In HSCs, transforming growth factor β (TGFβ) and platelet-derived growth factor (PDGF) induce JNK activation and the phosphorylation of Smad2/3 after liver injury in both murine and patients NASH livers. JNK participates in the development of liver fibrosis induced by bile duct ligation (BDL) and chemical induction with carbon tetrachloride (CCl4). Mechanistically, JNK participates in the HSC migration as JNK inhibitor SP600125 inhibited TGFβ and PDGF-induced migration of resident HSCs. Recent publications have also suggested that TGF-β1-induced autophagy is involved in the activation of hepatic stellate cell through activation of the ERK and JNK [172]. Notably, CCl4-induced liver inflammation, necrosis, and fibrosis are prevented by naringenin inhibition of TGFβ-JNK-Smad3 pathways [173]. Additionally, the miR-6133-5p has antifibrotic effects because of the inactivation of TGFβR2 and JNK [174]. Recently, the Fstl1 neutralising antibody (22B6 mAb) was demonstrated to downregulate JNK phosphorylation and TGF-β1 induced phosphorylation of Smad2 attenuating the CCl4-induced liver fibrosis [175]. JNK also contributes to α-smooth muscle actin (αSMA) expression in HSC activation and migration, co-localising in fibrotic areas in mice and livers from patients with NASH [170]. In addition, angiotensin II (AngII), another profibrogenic mediator, activates JNK [176], and its inhibition reduces experimental fibrogenesis in mice [170]. All these data support the role of JNK in the development of liver fibrosis.

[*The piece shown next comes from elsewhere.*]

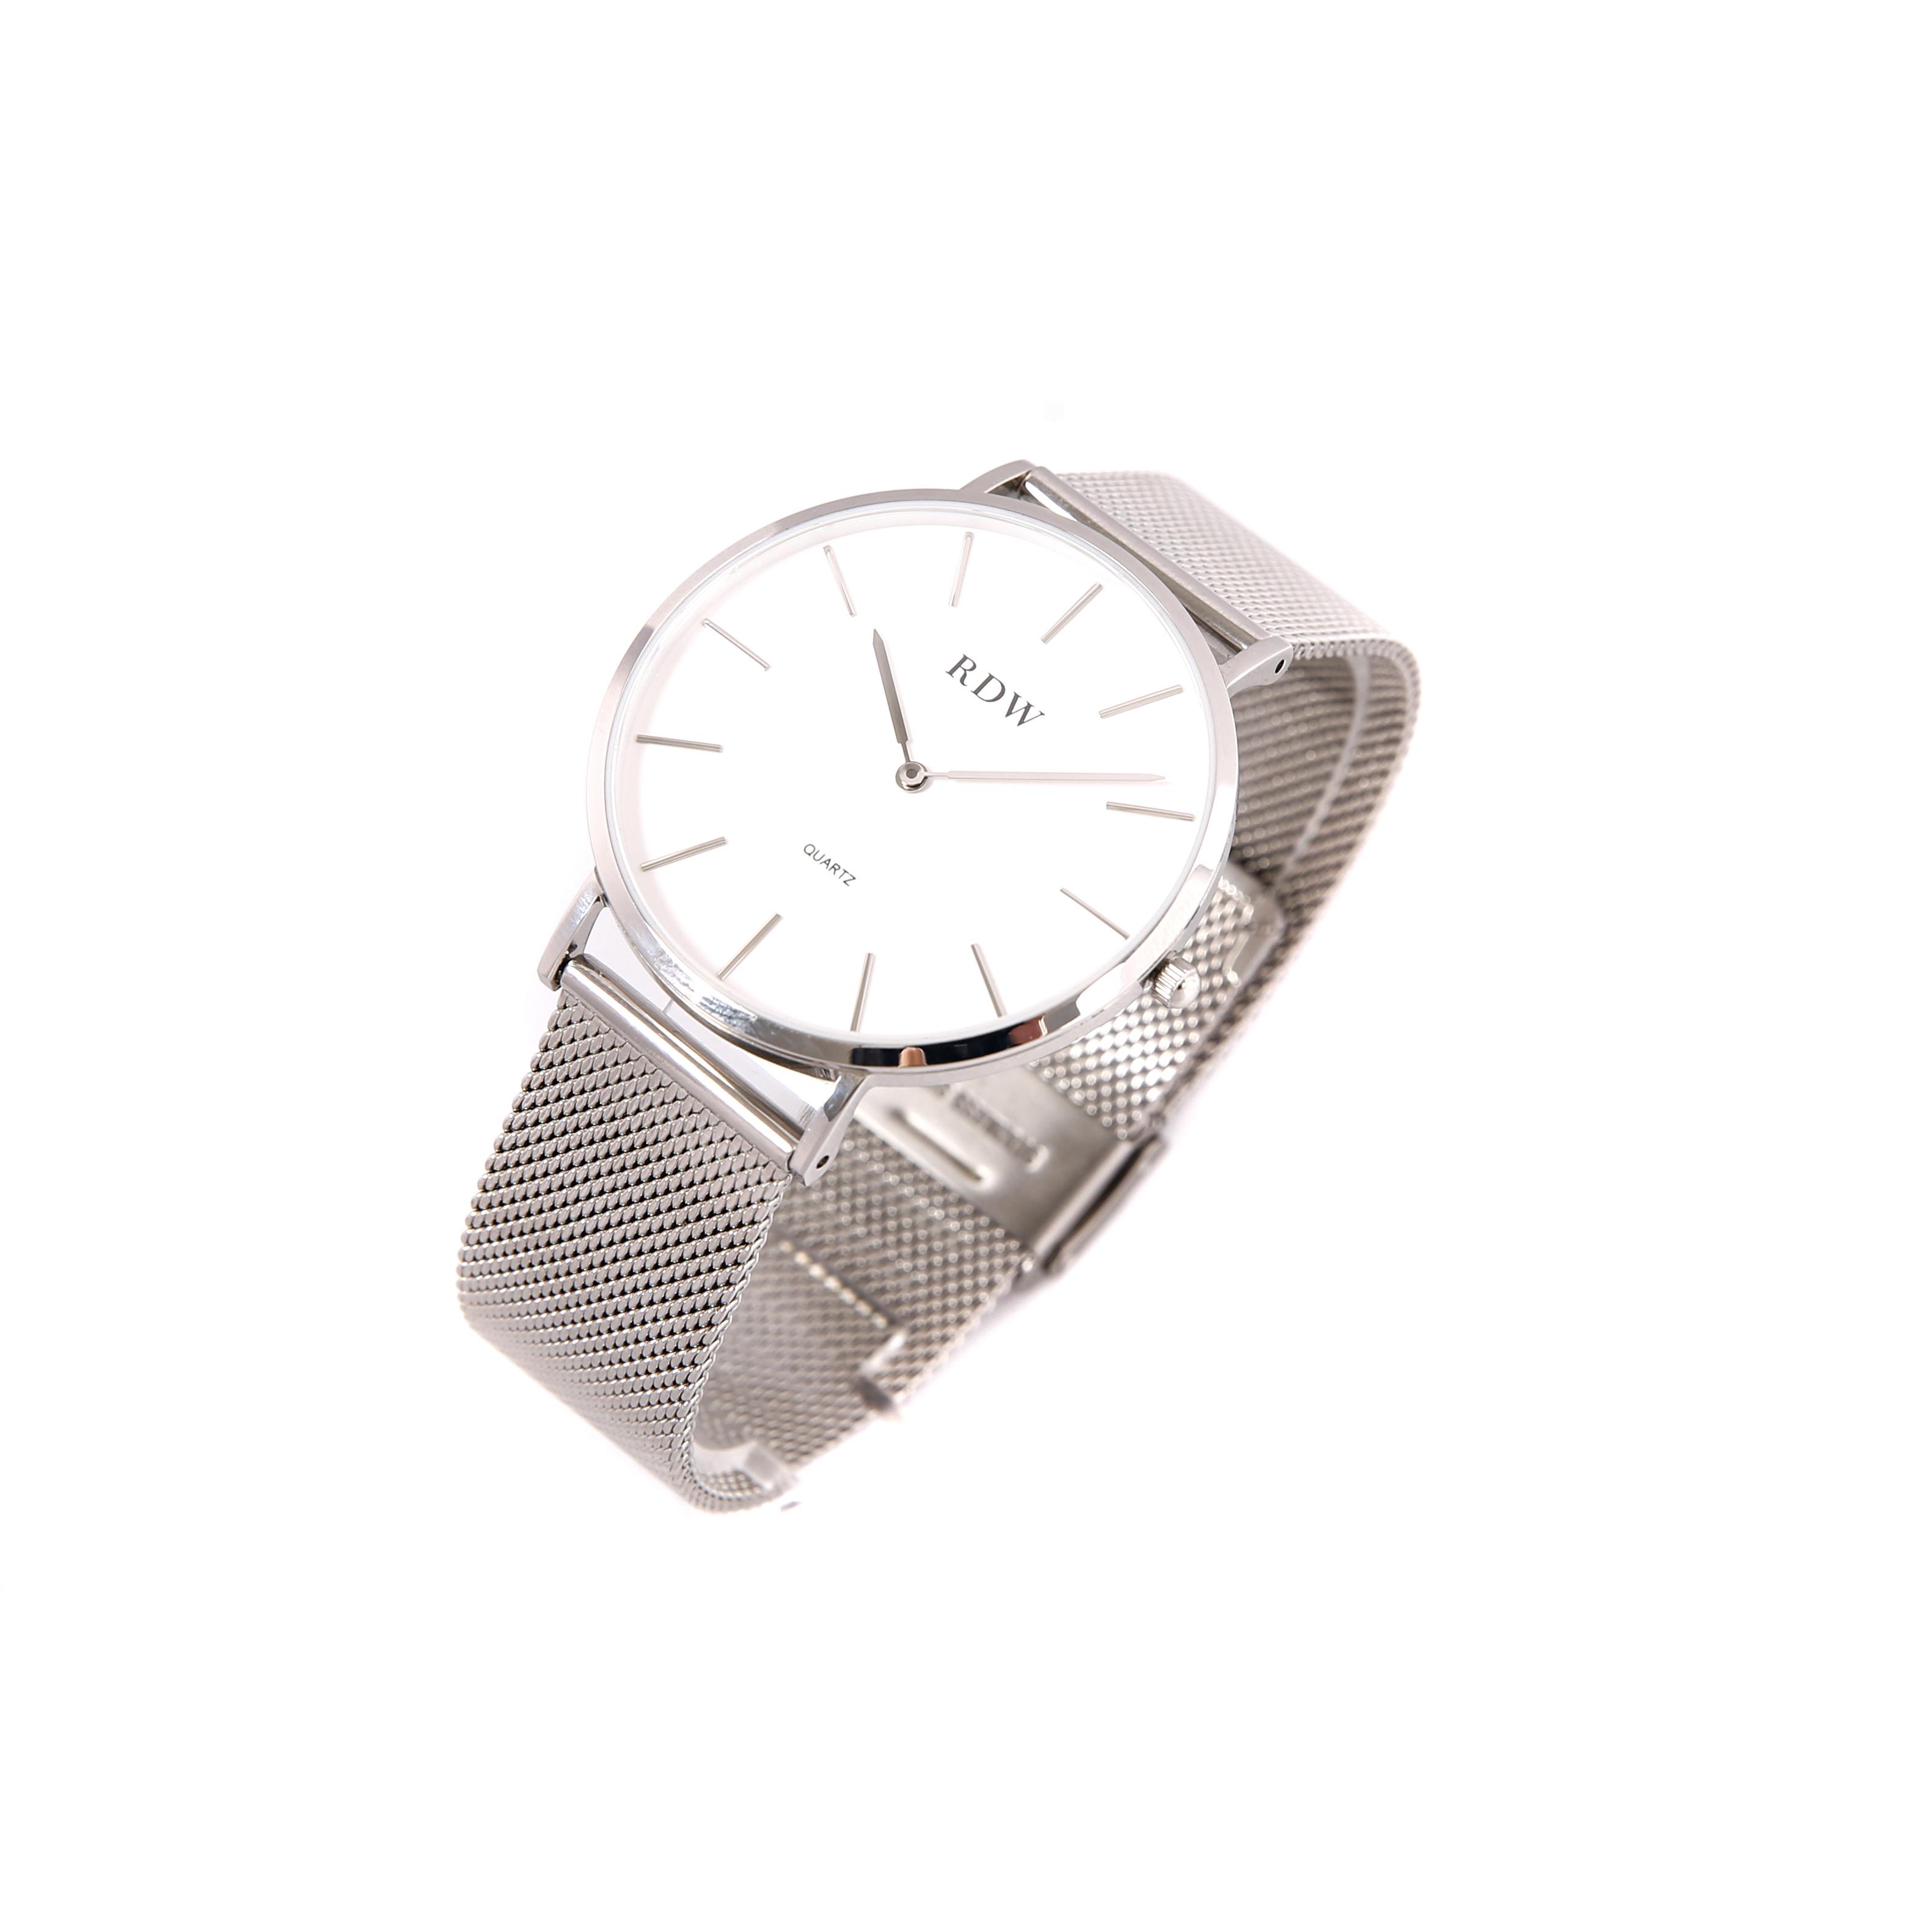 简约防水石英手表 钢带时尚潮流 40mm 本色白面无刻度 40mm 男款 RDW
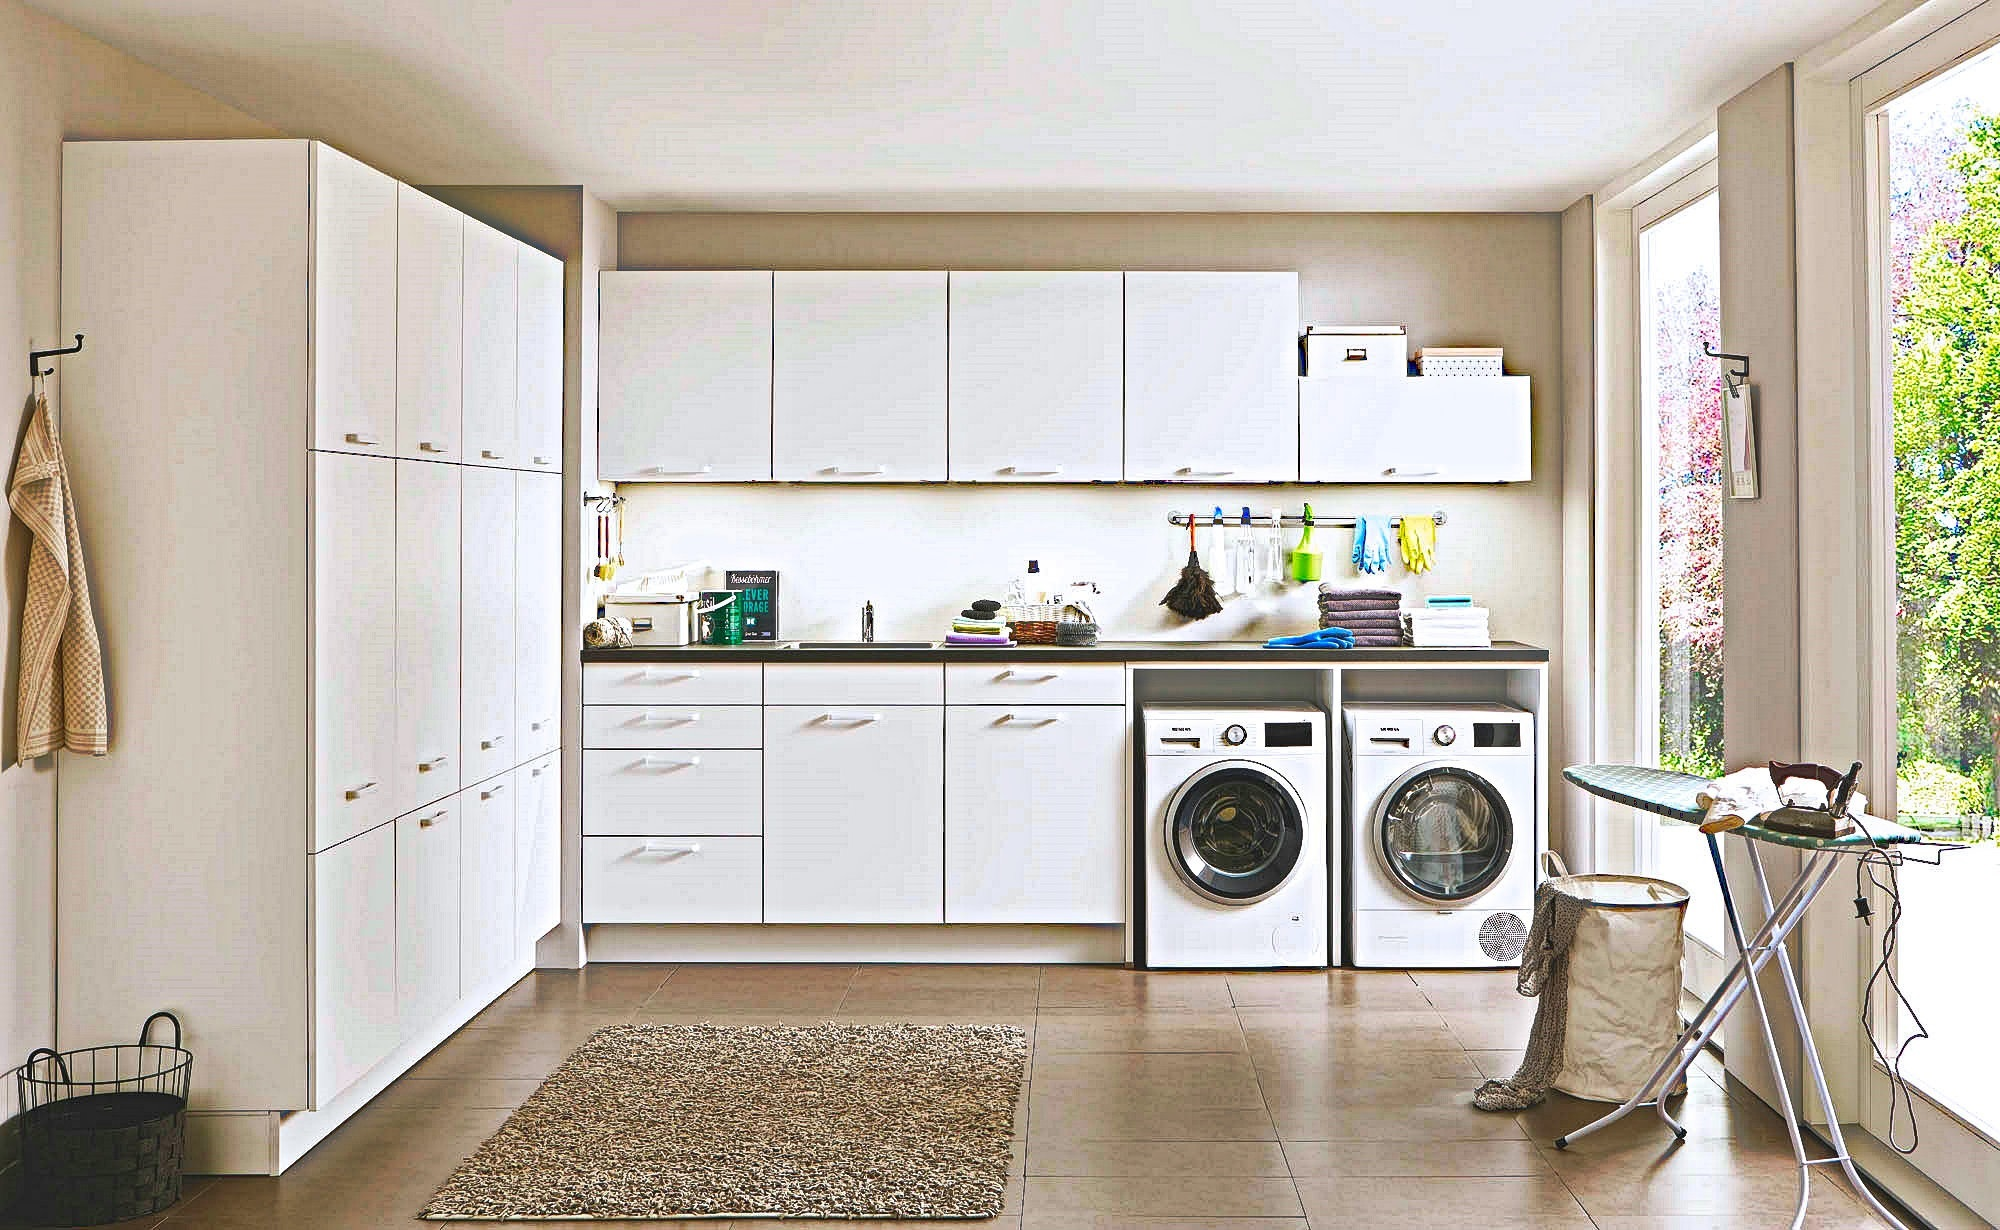 Full Size of Nobilia Hauswirtschaftsraum In Wei Fr Nur 3988 Kchenbrse Einbauküche Küche Wohnzimmer Nobilia Preisliste

Recently, a new model of steatohepatitis-associated fibrosis has been studied. Concretely, HFD induces liver fibrosis in mice without CYP2A5 (antioxidant induced by CYP2E1) and PPARα. In Pparα−/−/Cyp2a5−/− mice there is increased ROS production, phosphorylation of JNK, and formation of nitrotyrosine adduct while thioredoxin and glutathione is suppressed. The inflammation and fibrosis in this model were observed within the clusters of lipid droplets co-localising with CYP2E1 in hepatocytes [177]. Hepatocytes induce HSC activation by the generation of ROS promoting lipid peroxidation and steatofibrosis. This finding is not surprising because JNK1/2 represses PPARα by NCoR1 [58] and JNK regulates CYP2E1-mediated oxidative stress [42]. The role of ROS and JNK in fibrosis was also corroborated in a human stellate cell line (LX-2 cells) where decreased β-arrestin2 protects against liver fibrosis by downregulating ROS production through the JNK-NOX4 pathway [178].
Notably, JNK1-deficient mice presented a significant reduction of CCl4 and BDL-induced fibrosis, whereas fibrosis remained unchanged in JNK2-deficient mice [170]. Therefore, JNK1 but not JNK2 is suggested to promote fibrogenesis. However, the hepatocellular injury remains unaltered when using pharmacologic JNK inhibition or genetic JNK1 deficiency. Data using the JNK inhibitor SP600125 had reached the same conclusions using different models of liver injury [179]. Remarkably, JNK is not activated in the KCs under this liver injury and macrophage infiltration was not reduced in SP600125-treated mice, suggesting that inflammation is not the JNK-induced fibrosis mechanism [170]. Thus, the reduced fibrogenesis was not secondary to reduced injury.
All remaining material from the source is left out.